The FIFA World Cup is the premier international football tournament, held every four years and featuring teams from around the globe. It is a celebration of the sport, bringing together fans and players in a thrilling competition for the prestigious title. Each World Cup tournament offers a wealth of data on matches, players, and events, providing a rich resource for analysis and visualization.

In this notebook, we focus on the 2018 FIFA World Cup, hosted by Russia. Using `hvPlot` and `Panel`, we will create dynamic and interactive visualizations to explore the extensive dataset from this tournament. These tools enable us to investigate the statistics and uncover insights about player performances and more. 

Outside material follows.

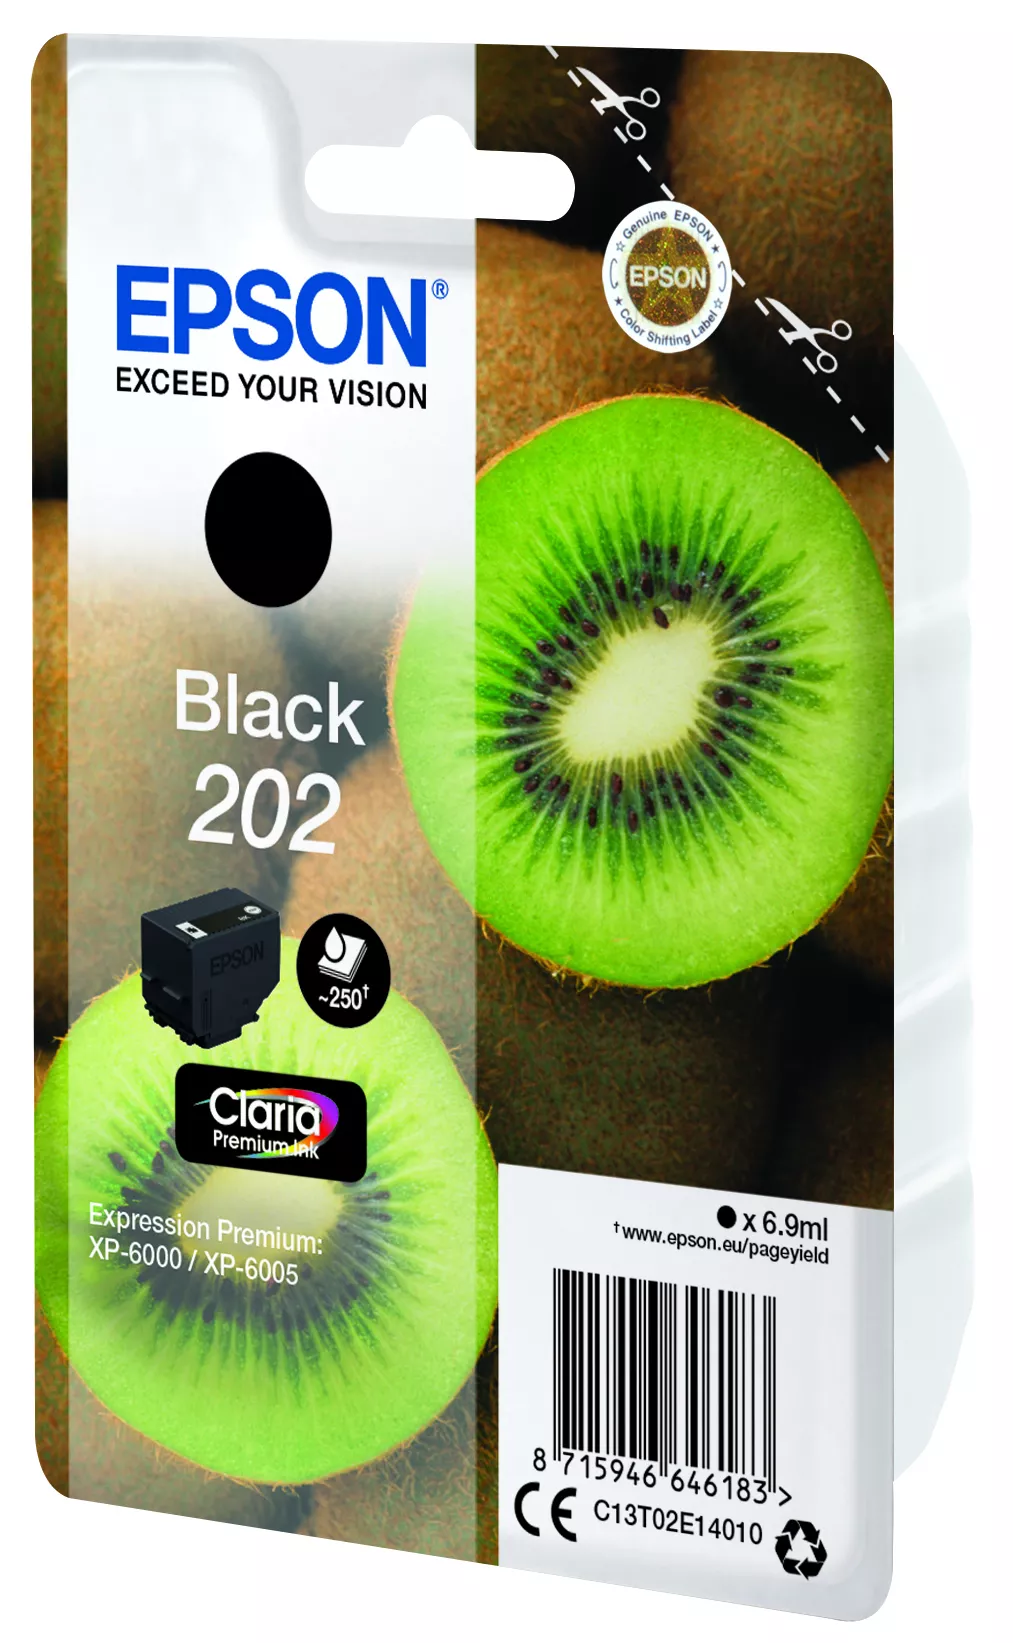 Achat EPSON 202 Black Ink Cartridge sec sur hello RSE - visuel 3

The dataset used for this analysis is sourced from [Pappalardo, Luca; Massucco, Emanuele (2019)](https://doi.org/10.6084/m9.figshare.c.4415000.v5) Soccer match event dataset, figshare collection.

## Load the data

Here we will load the `players` and `World Cup events` dataset from the figshare collection to enable use create plots and visualizations focused only on the 2018 World Cup.

In [None]:
import pandas as pd
import hvplot.pandas # noqa
import holoviews as hv
from holoviews import opts
import panel as pn

pn.extension()

In [None]:
players_df = pd.read_json('data/players.json', encoding='unicode-escape')
events_df = pd.read_json('data/events/events_World_Cup.json')

In [None]:
events_df.head()

In [None]:
players_df.tail()

## Event distribution

We can take a look at the unique events that take place in a typical football game and plot the frequency of those events using a hvPlot bar chart:

In [None]:
pitch_events = list(events_df['eventName'].unique())
pitch_events

In [None]:
event_type_count = events_df['eventName'].value_counts()
event_type_distribution = event_type_count.hvplot.bar(title='Distribution of Event Types', height=400,
                                                      width=800, rot=45)
event_type_distribution

It is unsurprising that passes are the most common event in a football match, however we would also like to see the areas of the football pitch most these events occur.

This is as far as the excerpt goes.